Categorized | PHP Tutorials

Create a PHP Site Map Generator

This PHP tutorial will provide you with step by step instructions on how you can create your very own PHP site map based on the Google XML site map generator. This is totally customized method, where you can insert the program all of your canonical URLs  and it will then output the XML syntax for the sitemap.xml file, which will be stored in a specified location on your server.
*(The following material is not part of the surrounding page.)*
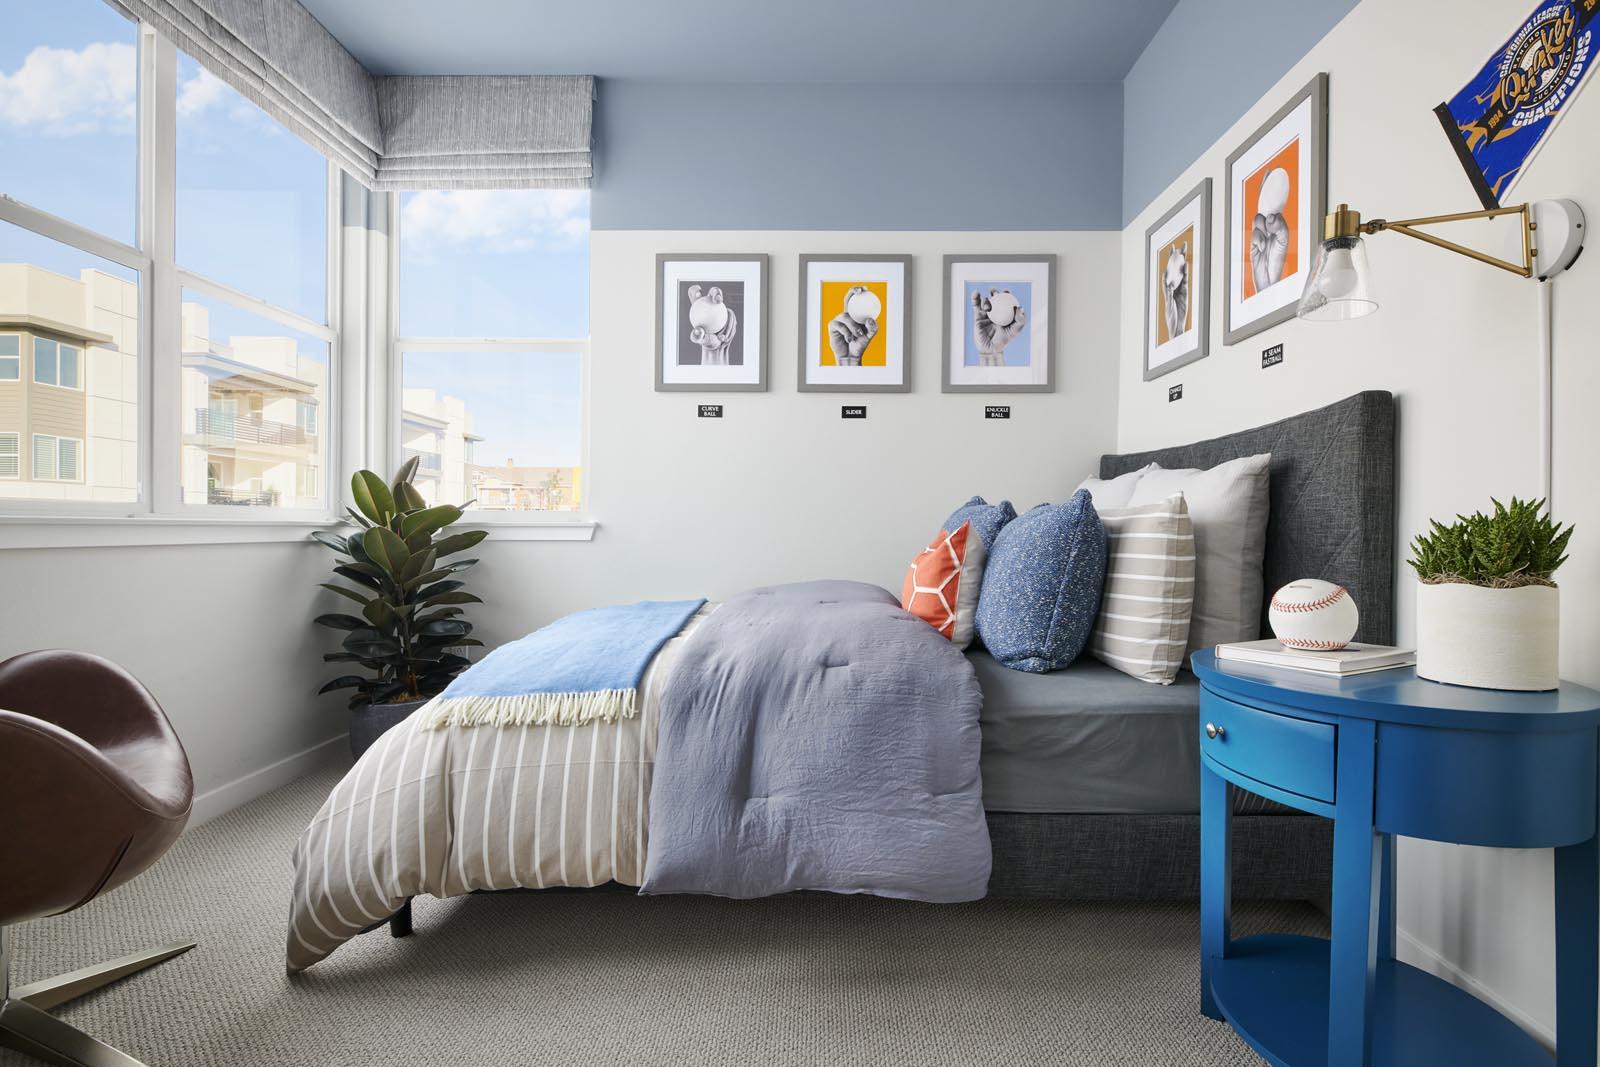 Bedroom | Residence 1 | Enliven | New Homes in Rancho Cucamonga, CA | Van Daele Homes
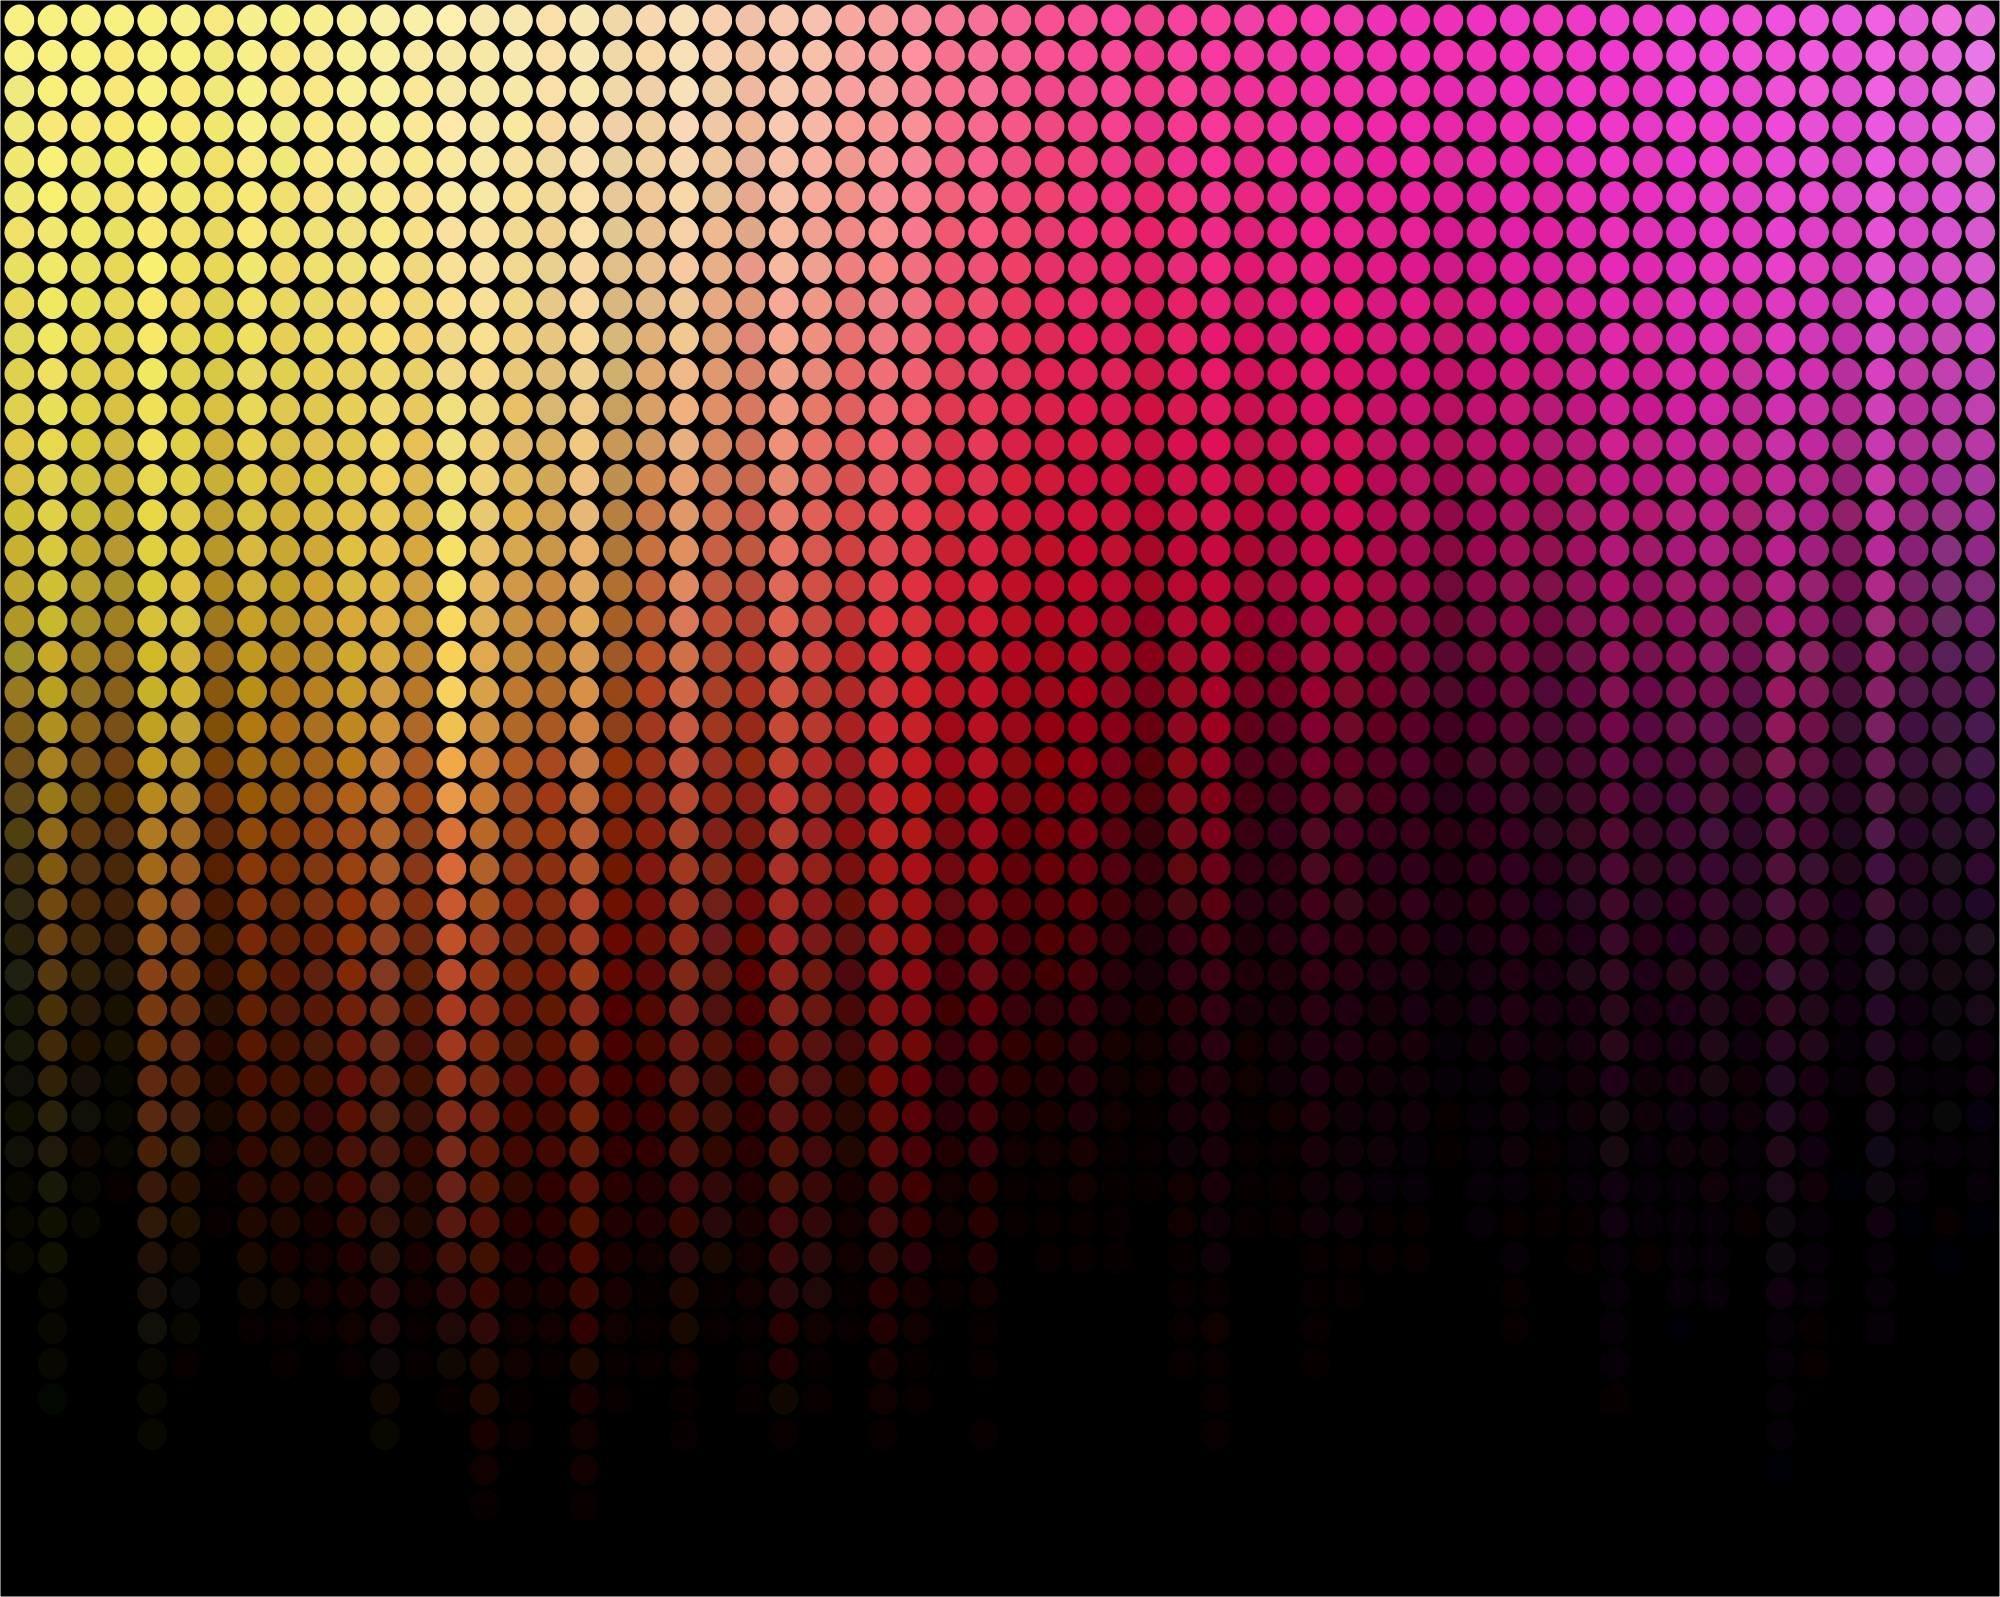 Brilliant neon color background image 07 vector Free Vector / 4Vector

Take note that you should be familiar with XML, if not it’s best to get familiar first.

There are two main advantages for creating this PHP site map in comparison to other site map generators.

  1. Google does indeed advise strongly that webmasters should submit XML site maps that contain ONLY canonical URLs.
  2. Even if you use some random XML site map generator online (just Google it), you still have to spend some time to filter out a lot of the actual code for canonical URLs, and commonly they are limited to only 300-500 urls which is inadequate if your running a large site, or a site that’s rapidly growing..

PHP Site map Generator Design

Most if not all  PHP web programs begin with a plan of design. The canonical URLs are placed into a  form. A text area will be used to accommodate the large number of canonical URLs (assuming you have a large site or a site that repidly grows).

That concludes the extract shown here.